Your copy should match the listing word for word, apart from the pictures, which are left out.

### Provided material

::::

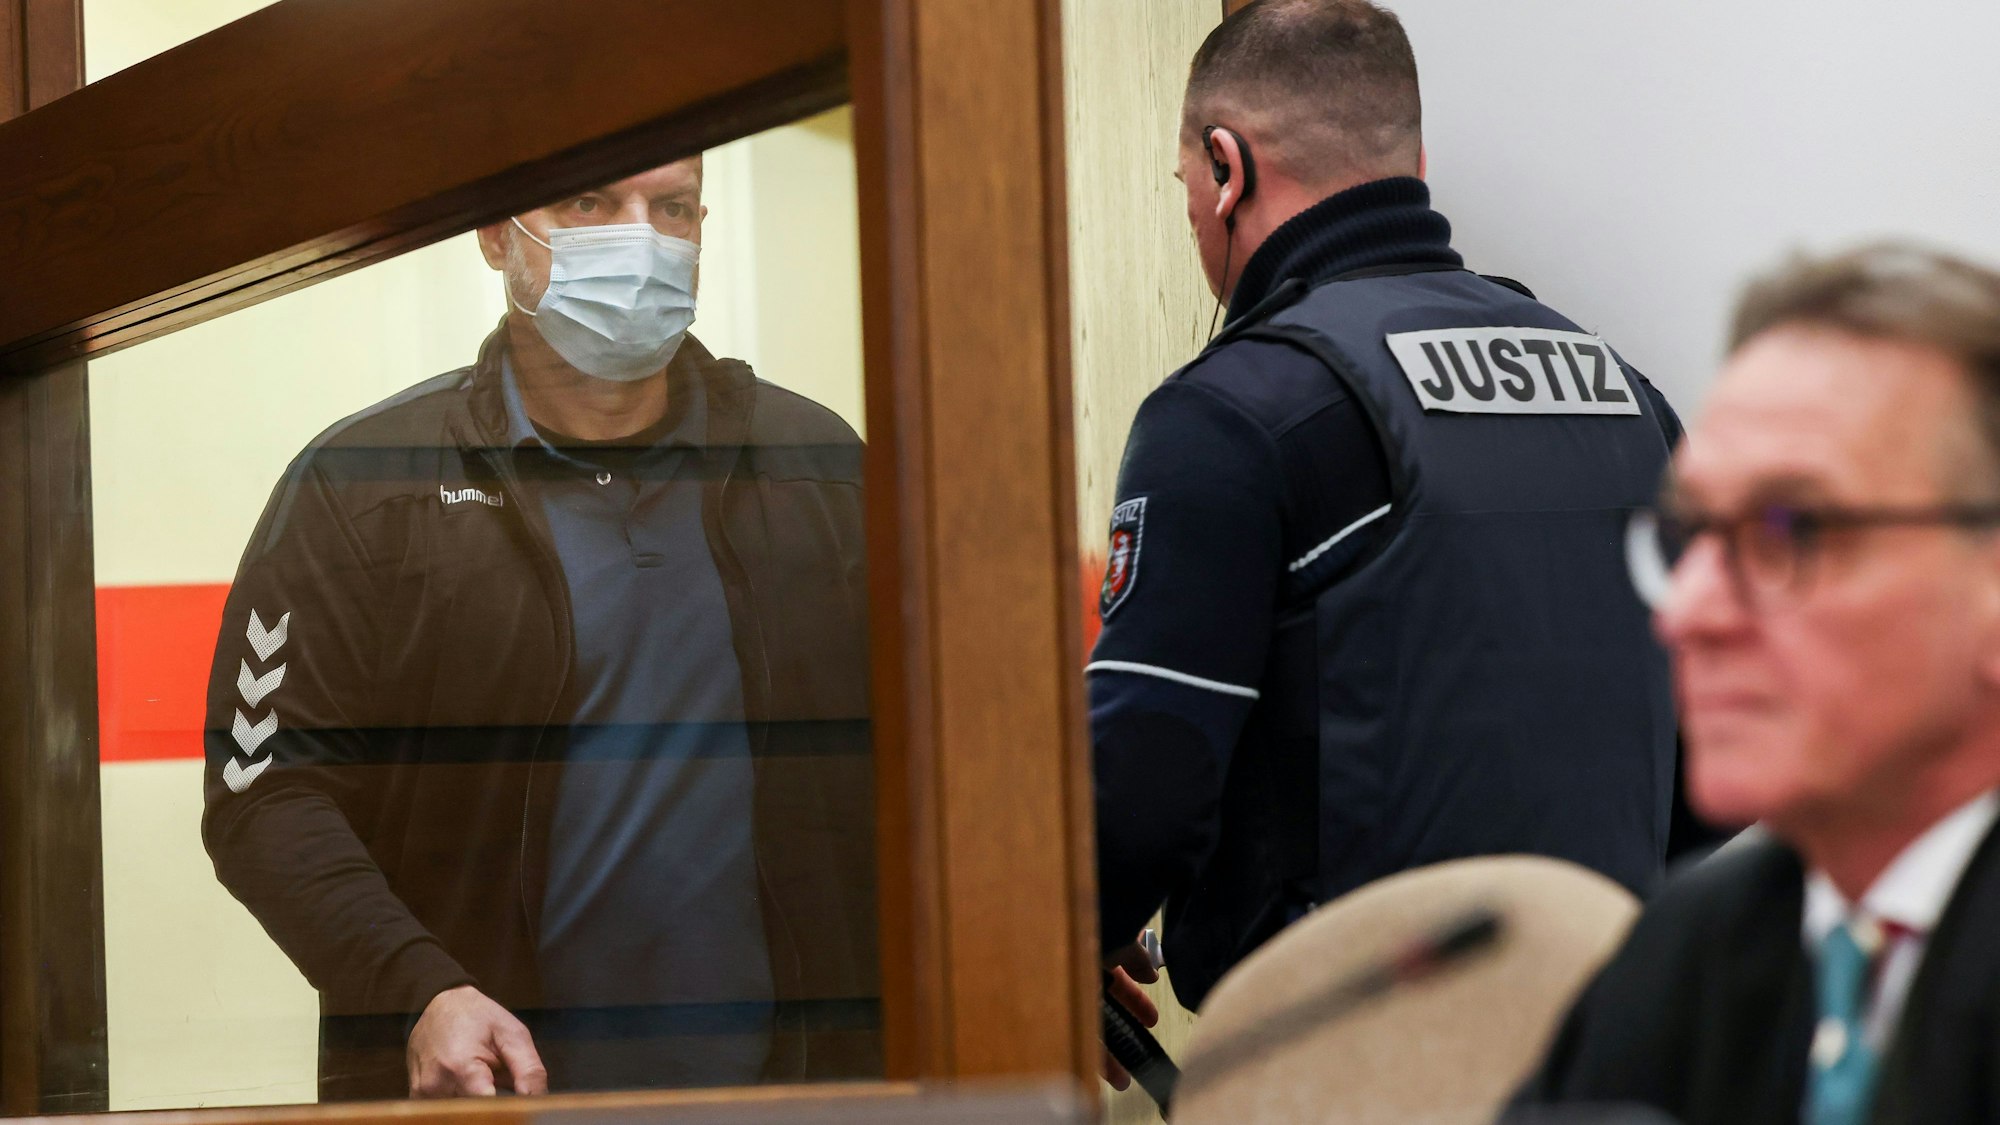 04.01.2024, Köln: Prozess gegen Thomas Drach am Landgericht Köln.
Ausstehend ist das letzte Wort.

Foto: Michael Bause

::::

### Written response
 04.01.2024, Köln: Prozess gegen Thomas Drach am Landgericht Köln.
Ausstehend ist das letzte Wort.

Foto: Michael Bause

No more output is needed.